Your objective:
I would like every line of the records below that contains the word "Classic" copied.

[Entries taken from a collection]
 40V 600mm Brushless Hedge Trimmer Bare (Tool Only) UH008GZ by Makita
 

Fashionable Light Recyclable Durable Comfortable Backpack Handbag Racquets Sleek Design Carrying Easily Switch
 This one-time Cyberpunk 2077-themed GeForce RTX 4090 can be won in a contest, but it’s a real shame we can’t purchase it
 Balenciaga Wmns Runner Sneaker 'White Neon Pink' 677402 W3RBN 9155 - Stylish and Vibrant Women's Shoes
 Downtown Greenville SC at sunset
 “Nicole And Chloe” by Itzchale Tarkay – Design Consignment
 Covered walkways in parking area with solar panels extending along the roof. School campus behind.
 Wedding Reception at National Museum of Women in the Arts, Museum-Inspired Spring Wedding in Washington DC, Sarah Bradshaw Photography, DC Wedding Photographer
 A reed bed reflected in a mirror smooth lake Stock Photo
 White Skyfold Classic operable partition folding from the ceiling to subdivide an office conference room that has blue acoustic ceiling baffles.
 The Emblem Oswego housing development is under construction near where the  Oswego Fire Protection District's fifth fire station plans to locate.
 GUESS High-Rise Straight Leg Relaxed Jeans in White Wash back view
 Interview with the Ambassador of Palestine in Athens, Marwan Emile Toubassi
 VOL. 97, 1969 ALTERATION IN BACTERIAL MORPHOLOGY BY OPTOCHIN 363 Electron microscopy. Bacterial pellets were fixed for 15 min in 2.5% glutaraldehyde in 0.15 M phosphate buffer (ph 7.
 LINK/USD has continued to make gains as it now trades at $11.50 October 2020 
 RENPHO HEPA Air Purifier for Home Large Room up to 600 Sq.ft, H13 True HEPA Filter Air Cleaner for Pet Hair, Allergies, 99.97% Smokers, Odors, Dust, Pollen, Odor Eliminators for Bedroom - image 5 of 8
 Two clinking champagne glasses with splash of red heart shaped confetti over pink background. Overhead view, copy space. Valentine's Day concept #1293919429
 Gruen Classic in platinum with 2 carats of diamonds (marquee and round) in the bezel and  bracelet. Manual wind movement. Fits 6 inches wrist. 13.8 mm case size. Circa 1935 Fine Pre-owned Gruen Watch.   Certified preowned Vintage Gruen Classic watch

Answer for the task:
 White Skyfold Classic operable partition folding from the ceiling to subdivide an office conference room that has blue acoustic ceiling baffles.
 Gruen Classic in platinum with 2 carats of diamonds (marquee and round) in the bezel and  bracelet. Manual wind movement. Fits 6 inches wrist. 13.8 mm case size. Circa 1935 Fine Pre-owned Gruen Watch.   Certified preowned Vintage Gruen Classic watch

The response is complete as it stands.